* [Action item]: Go through the data below and copy it exactly, skipping every picture.
-*-
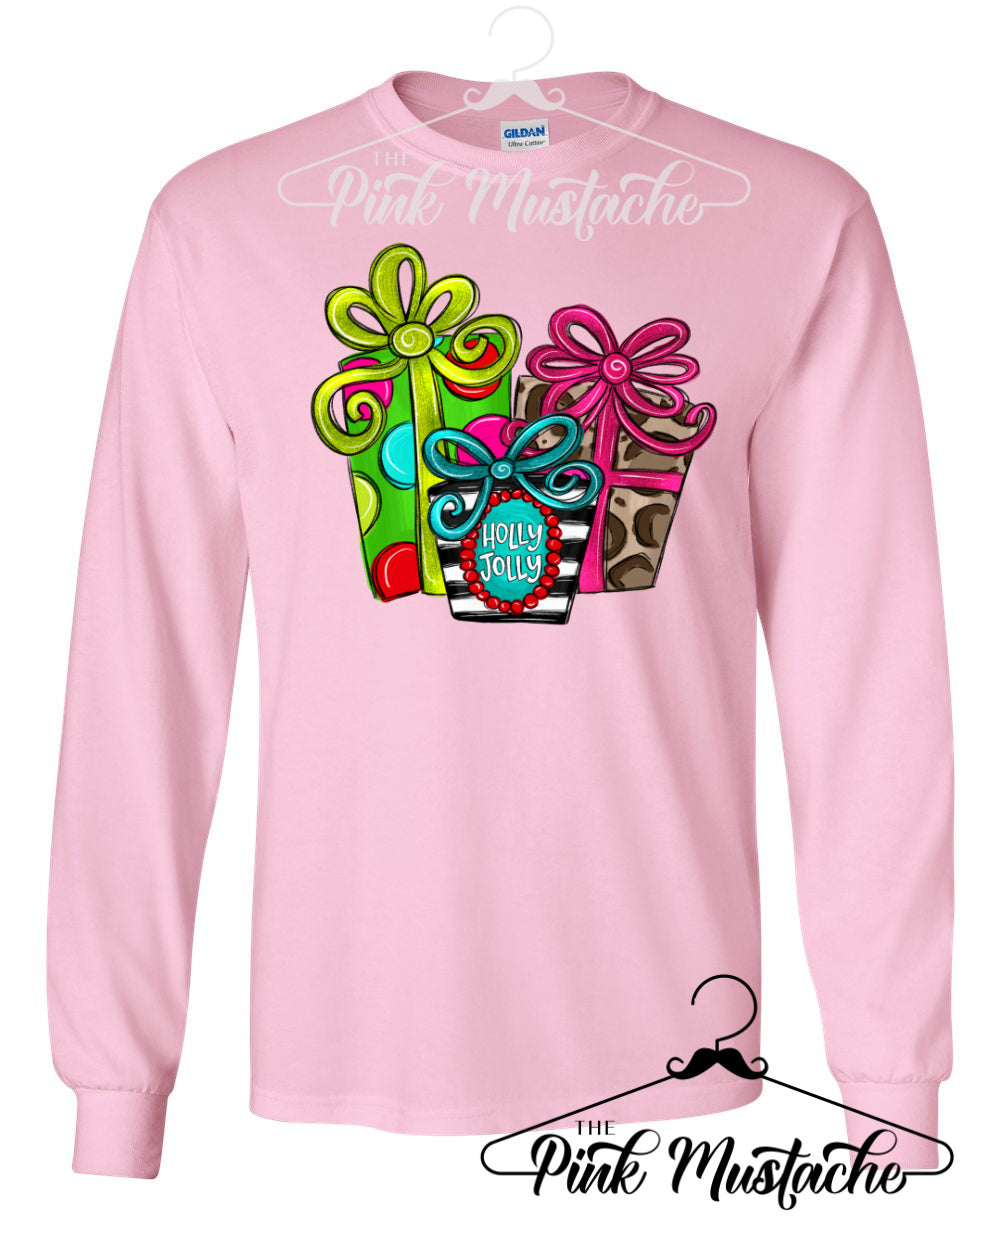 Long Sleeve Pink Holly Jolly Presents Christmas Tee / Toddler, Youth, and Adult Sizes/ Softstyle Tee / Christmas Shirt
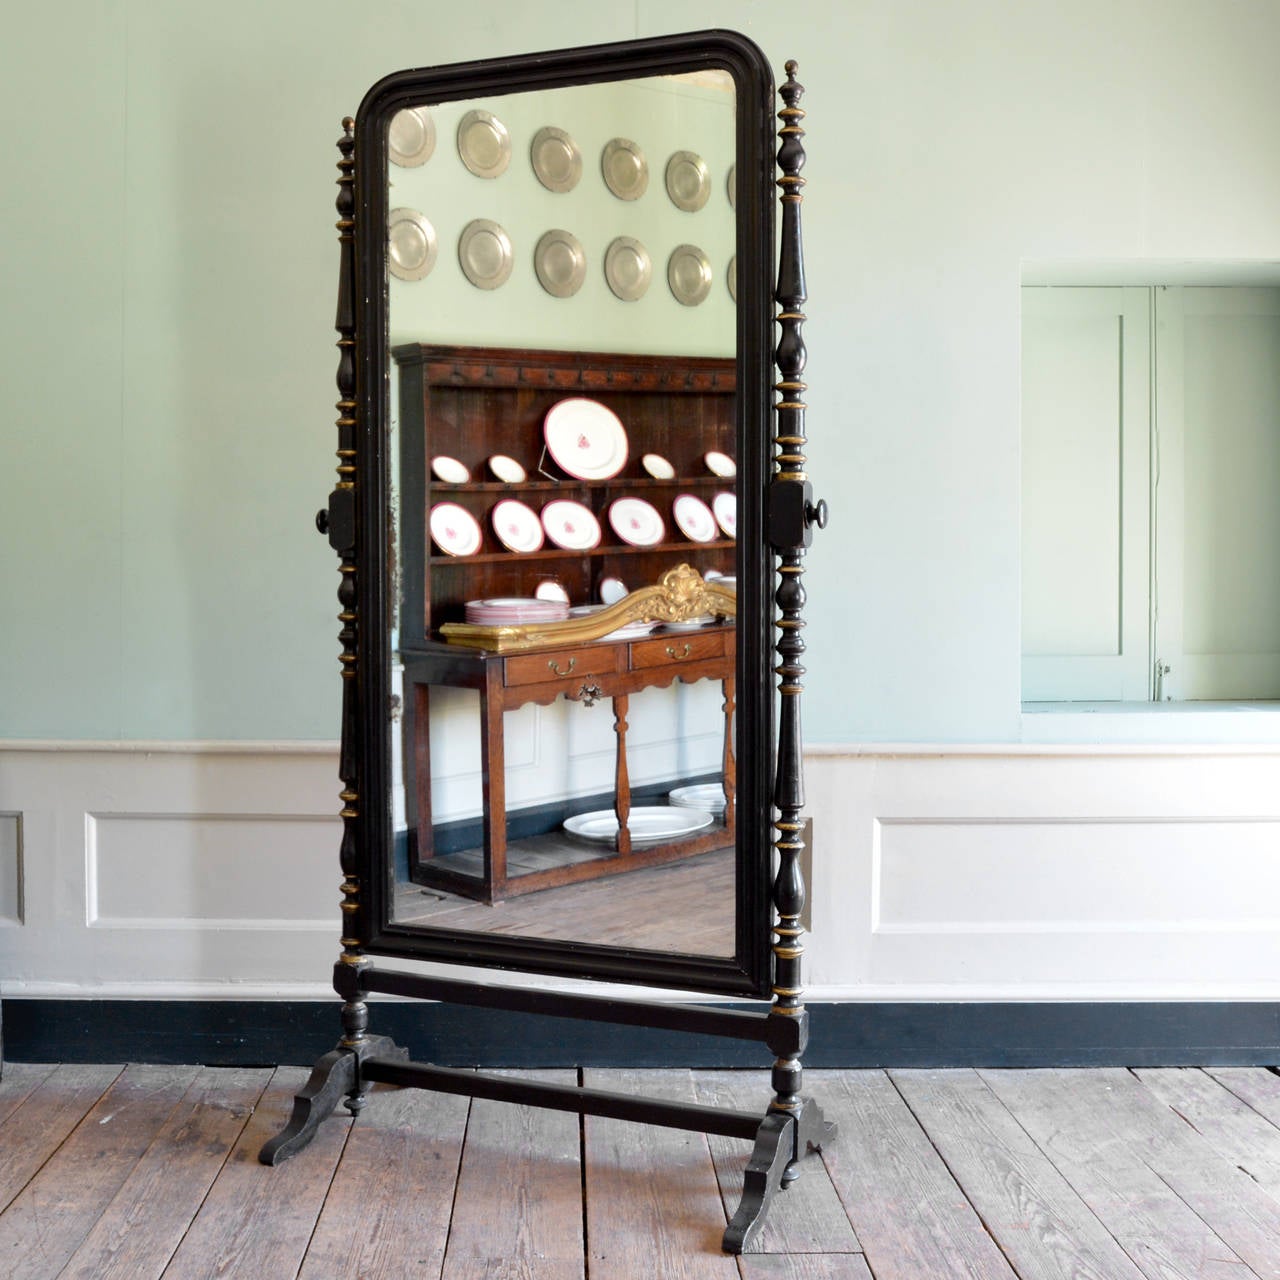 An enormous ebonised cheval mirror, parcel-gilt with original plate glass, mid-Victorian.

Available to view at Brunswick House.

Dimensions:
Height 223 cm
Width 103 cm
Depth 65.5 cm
-*-
* [Written answer]:
 Long Sleeve Pink Holly Jolly Presents Christmas Tee / Toddler, Youth, and Adult Sizes/ Softstyle Tee / Christmas Shirt
 An enormous ebonised cheval mirror, parcel-gilt with original plate glass, mid-Victorian.

Available to view at Brunswick House.

Dimensions:
Height 223 cm
Width 103 cm
Depth 65.5 cm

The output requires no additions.